What is Your #Point of View?

Rape fields in bloom on South Downs

I went onto the Sussex Downs at the weekend and was in awe of the beautiful rolling hills punctuated by the brilliant yellow of the rape fields in bloom. I mentioned to a friend how beautiful they were and his response was tempered by the fact he was allergic to them. We had a different point of view on how great they were. Different opinions.

In writing, Point of View or POV, refers to who is ‘speaking’, or from who’s ‘vantage point’ the narrative is written. Before I became a writer, I hadn’t paid much attention to this. Waiting for me was the mine field of ‘Point of View’, with all it pratfalls.

Prior to the 20th century, the ‘omniscient ‘ POV was the norm. The omniscient author, who knew everything about the plot, the characters, and was often free with their opinion, told the story. Think of this wonderful opening line:  

“It was the best of times, it was the worst of times”

‘Tale of Two Cities’  by Charles Dickens

-Yeah it was, but says who? The author of course.

Because omniscient authors are god-like, they know what’s in everyones mind at all times, which they may or may not share with the reader. The author can choose to have a ‘limited omniscient’ POV, and in that situation the author focuses on only certain characters, and their inner thoughts.

The other end of the spectrum is first person – the story is told, not by the author, but by a character in the novel. While they can act as a narrator, more often than not they are the main protagonist.

In first person, the reader is in the mind of the person telling the story at all times. It’s sometimes considered an ‘easy’ way to go for a debut novel, as you only have one POV to put forward. But the main drawback to first person POV, is that the reader is limited to the  experience of the character telling the story. We can only know what they know.

‘I’ = first person POV

There are ways around this e.g. someone else recalling an experience to the character. Murakami usually writes in first person, and uses this technique of a separate individual telling a tale in the ‘Wind-up Bird Chronicles’. We’re taken from the world of Murakami’s quirky narrator who enjoys cooking and music, to a Japanese soldier’s recollection of wartime Manchuria. For me, the latter was in some ways the most memorable part of the novel, in part because of an exceptional, albeit graphic, portrayal of a brutal scene.
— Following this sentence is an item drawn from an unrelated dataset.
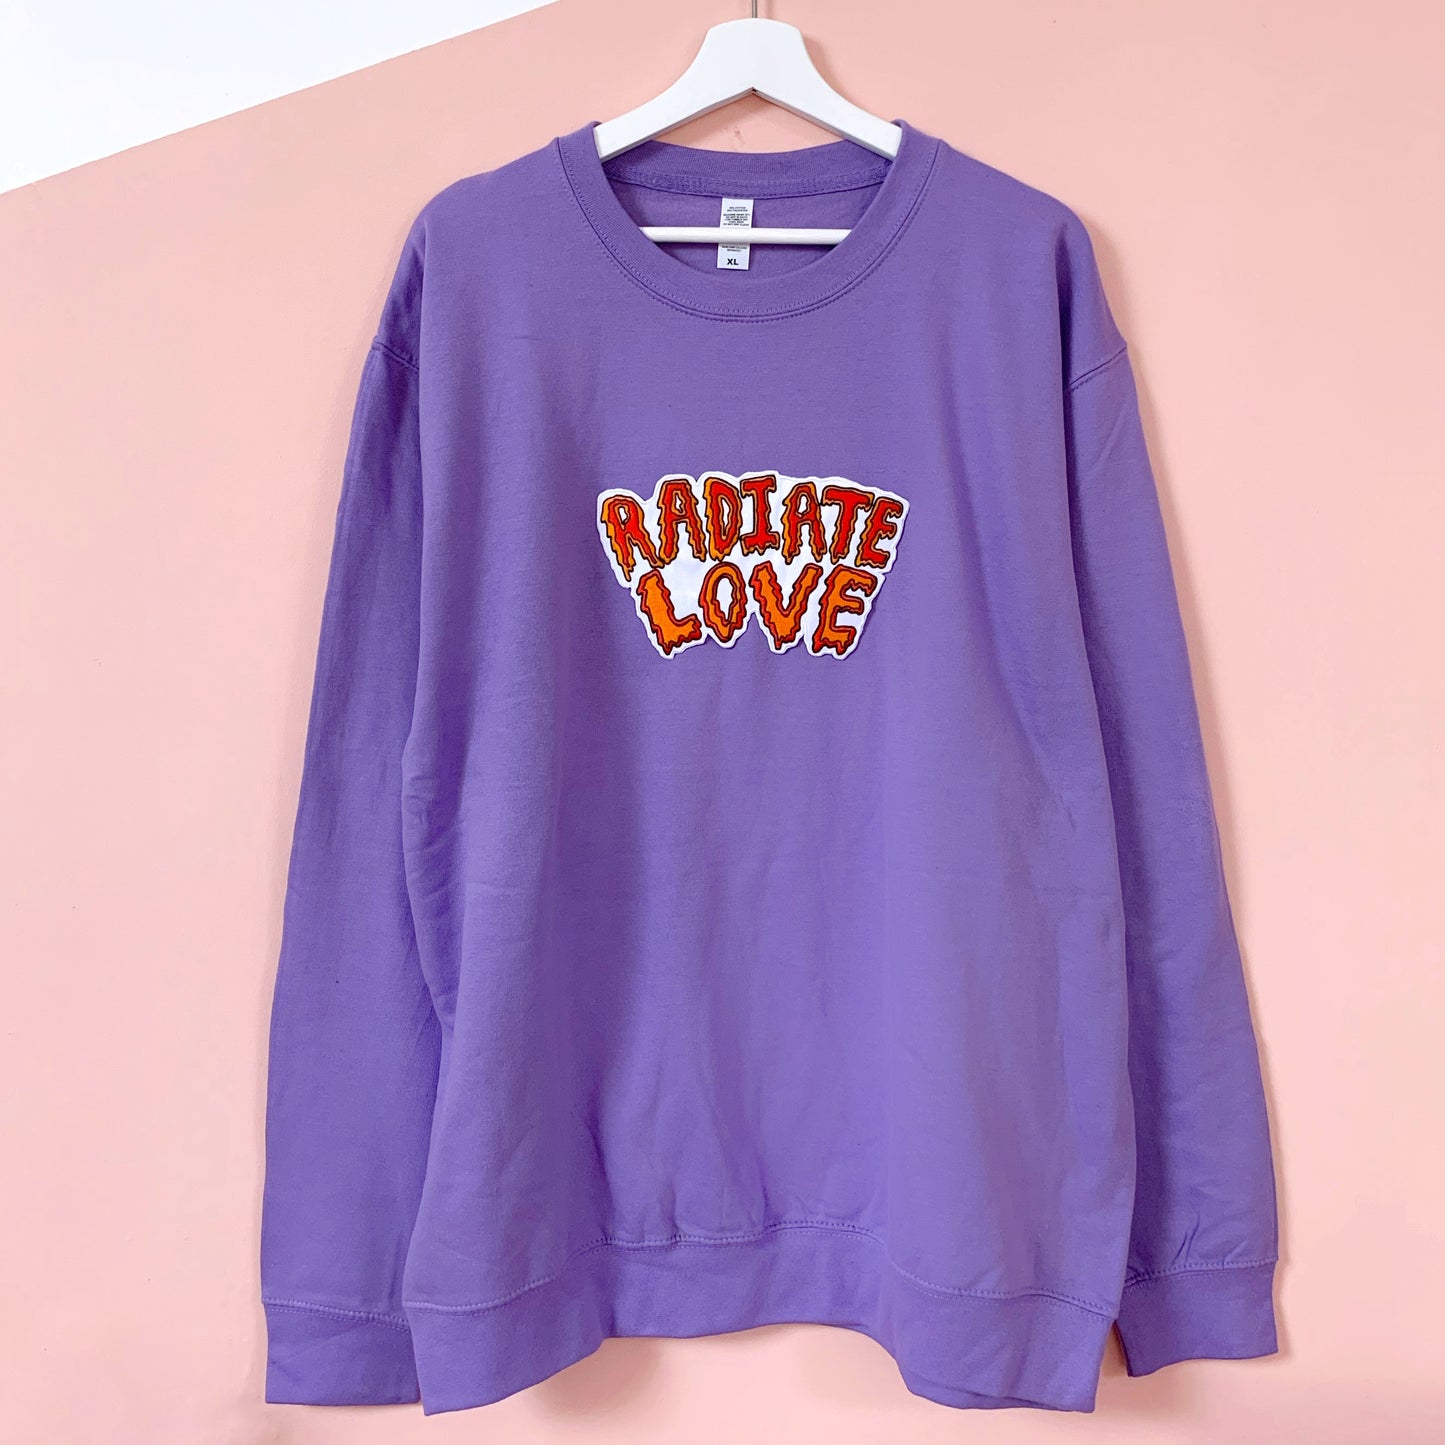 radiate love embroidered sweatshirt - lavender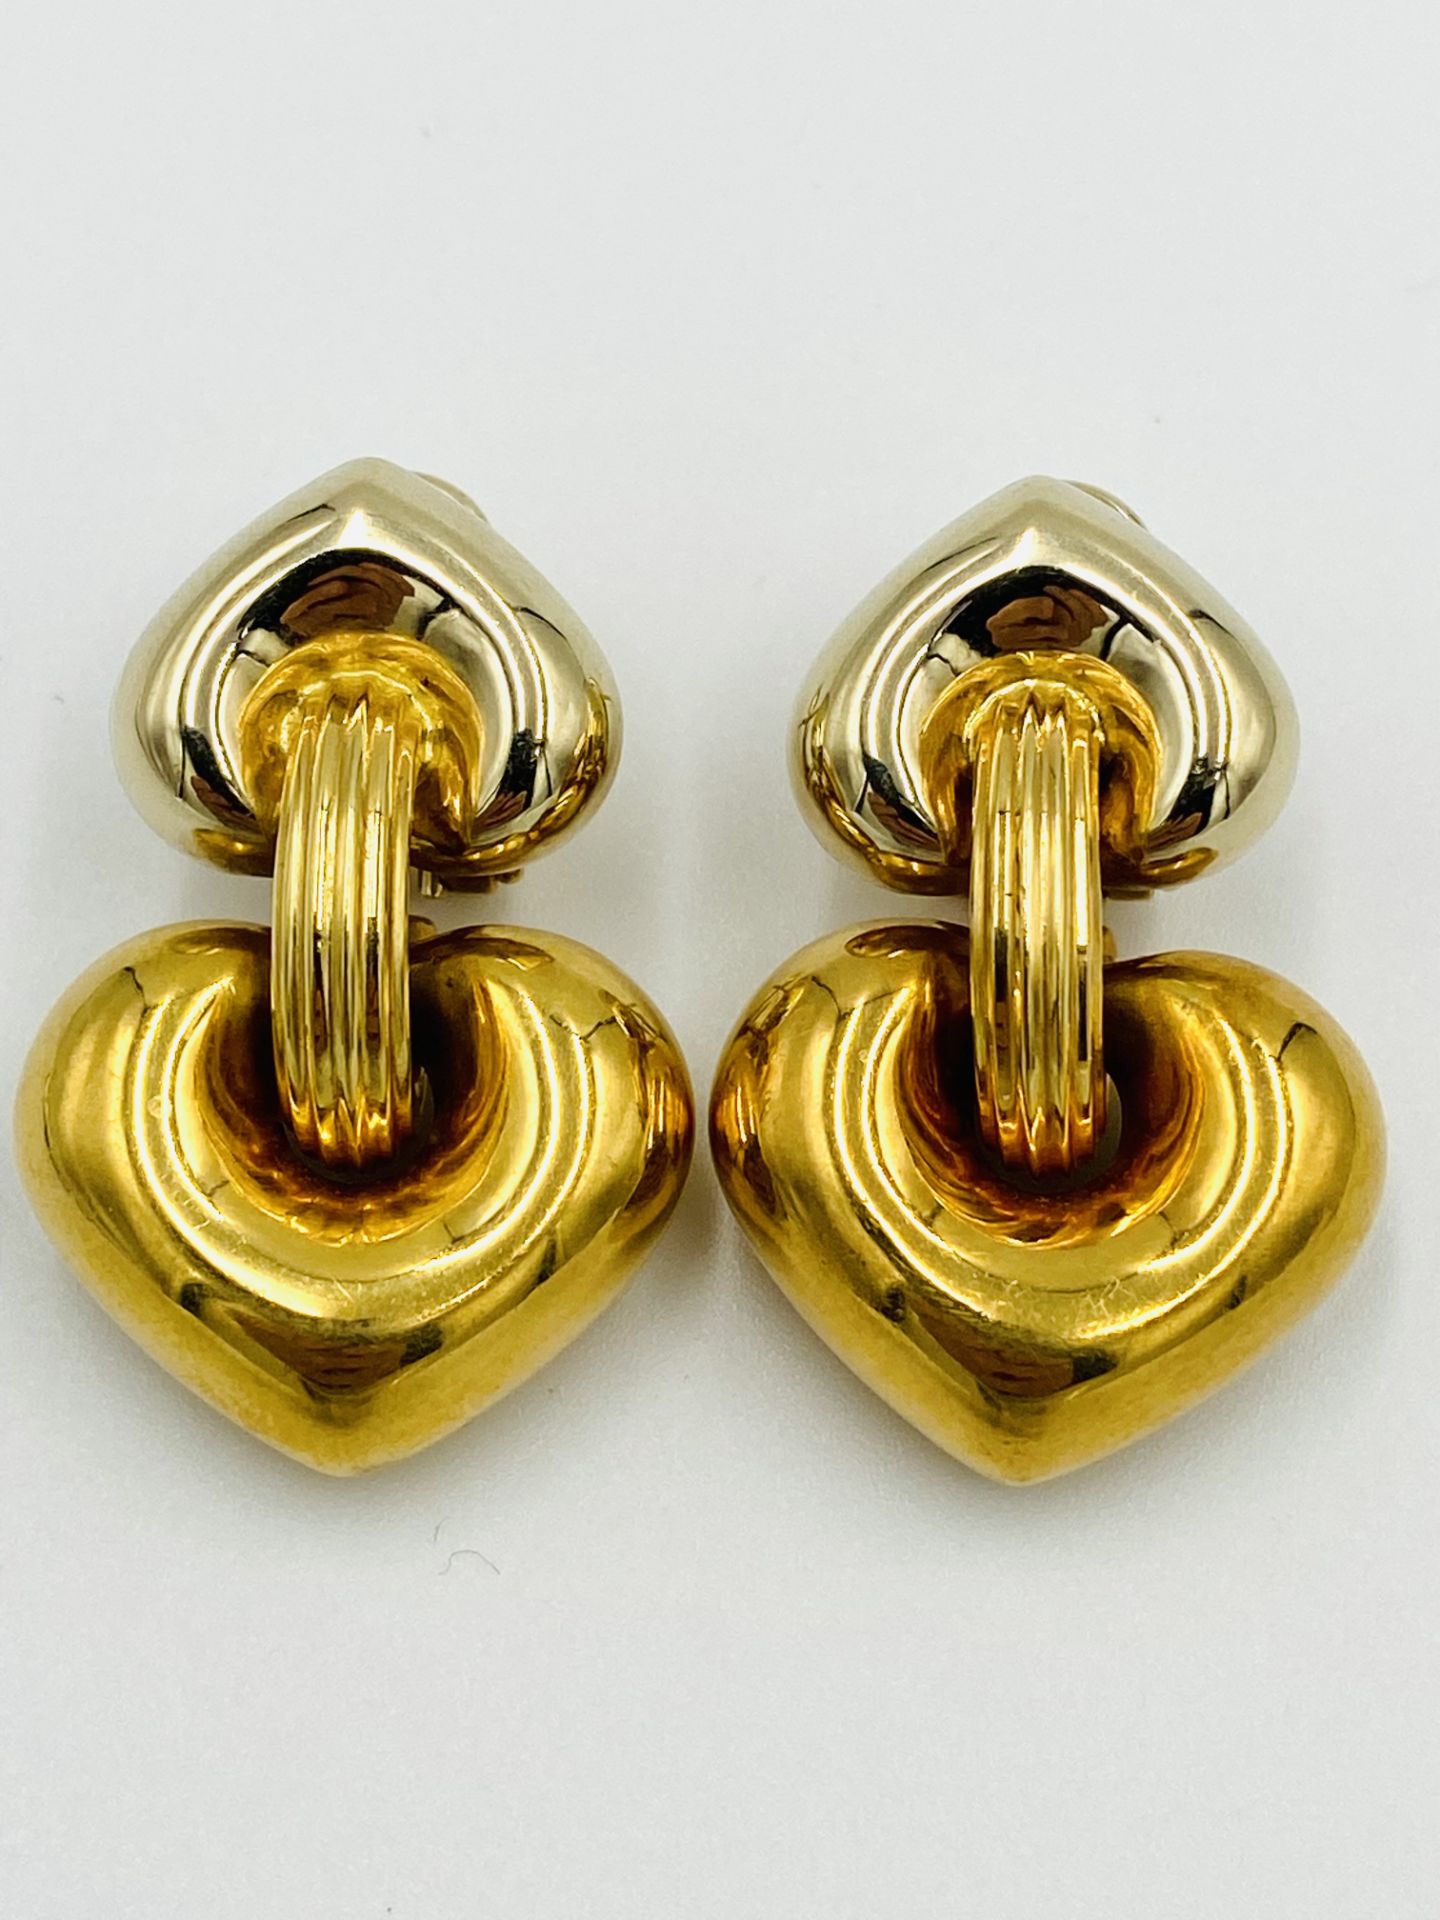 Pair of 18ct gold earrings

 First person POV is often used when the protagonist has a very strongly defined character. Catcher in the Rye is a perfect example of first person, prominent protagonist. We immediately catch a glimpse of the kind of strong character Holden Caulfield will be. Not all first person novels have protagonists with such a striking personality, but the POV certainly lends itself to doing so.

 ‘If you really want to hear about it, the first thing you’ll probably want to know is where I was born and what my lousy childhood was like, and how my parents were occupied and all that David Copperfield kind of crap, but I don’t feel like going into it, if you want to know the truth.”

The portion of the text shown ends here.